I'm so intrigued ....
That particular response was knee-jerk in nature.
So all of software you have developed/tested over your 17 years, at the scope similar to a major operating system, was delivered 100% bug-free? Tell me more...
With respect to my photography and engineering background, you may not know some people have had multiple careers.
currently running MacOS 10.13.2 beta 4 public
now eagerly awaiting security patch
I tried this and was able after a couple of attempts to gain access to login options for example - though not sure how a third party would access this unless i handed over my laptop whist logged in and screen active.
That said, this is a surprise!
I wonder why it takes a few tries to succeed with ID root and a blank password? It hasn't worked first time in the few attempts I've made just now.

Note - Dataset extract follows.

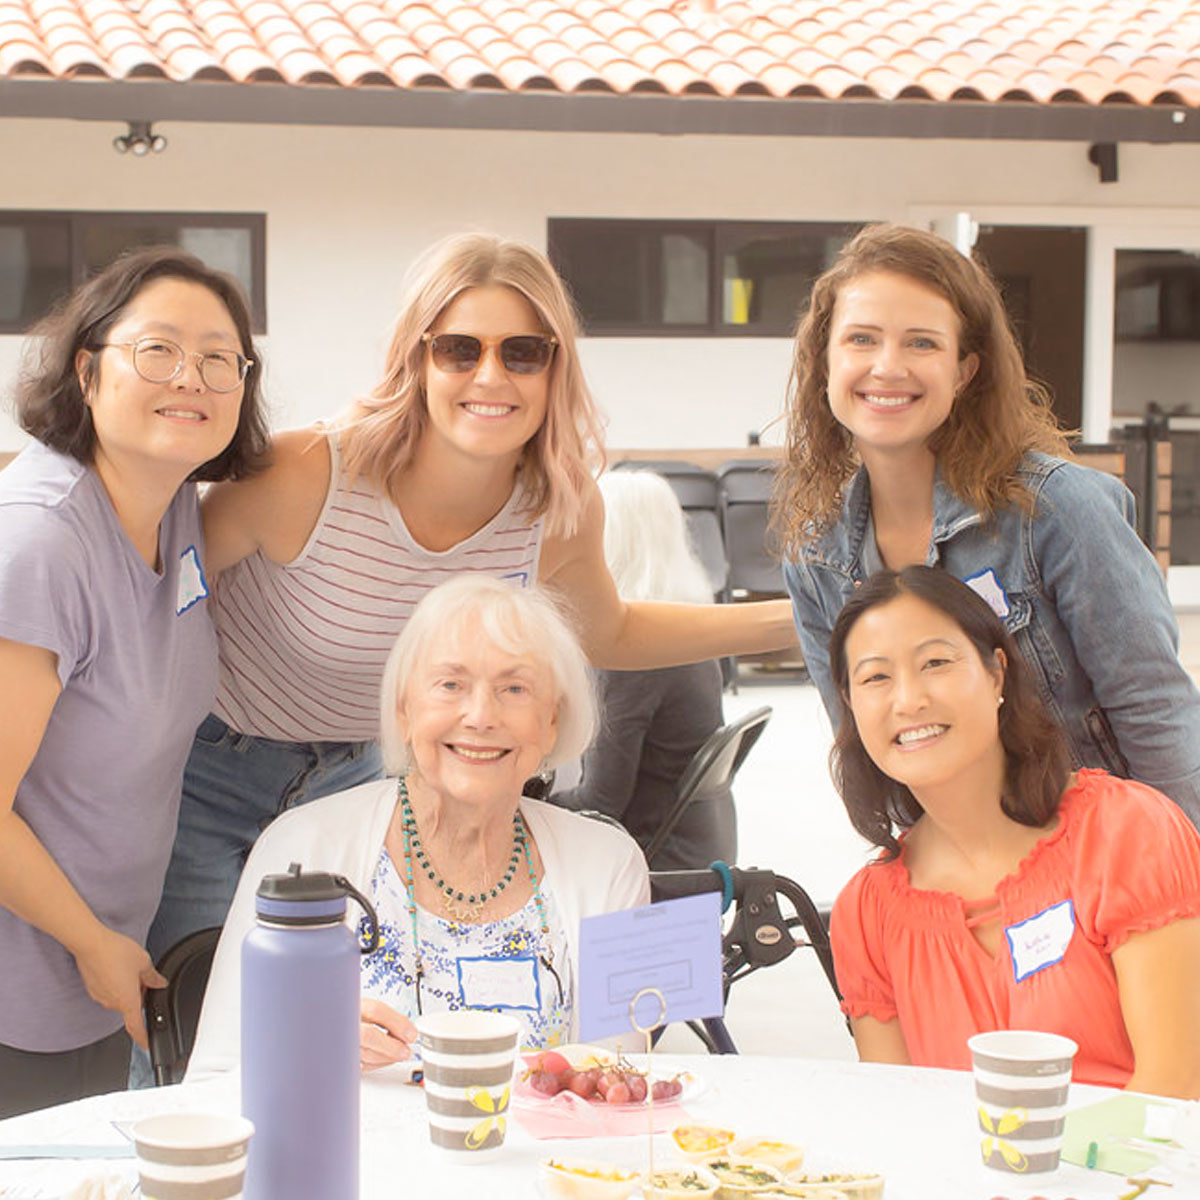 Women of varied ages posing for photo at a table outdoors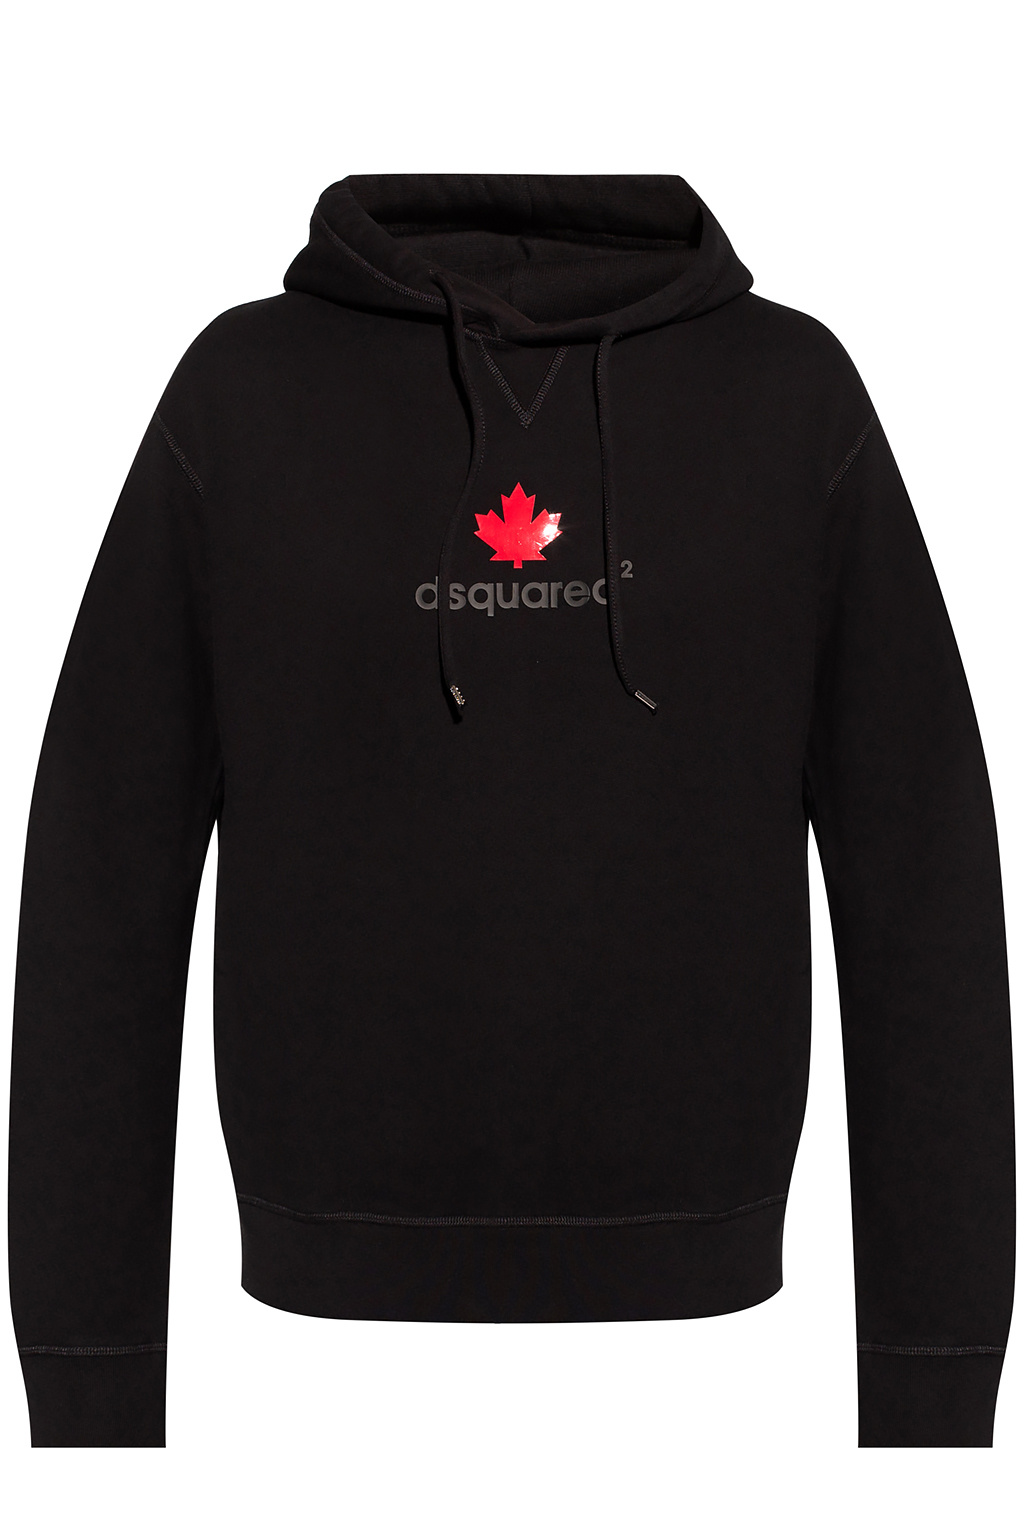 Dsquared2 Hoodie with logo | Men's Clothing | IetpShops

now eagerly awaiting security patch
I tried this and was able after a couple of attempts to gain access to login options for example - though not sure how a third party would access this unless i handed over my laptop whist logged in and screen active.
That said, this is a surprise!
I wonder why it takes a few tries to succeed with ID root and a blank password? It hasn't worked first time in the few attempts I've made just now.
Good. May this be a wake up call for the need to reinstate a Mac OS software team and that exploits like this do not slip through the cracks again. Last Fall, hardware. This Fall, software.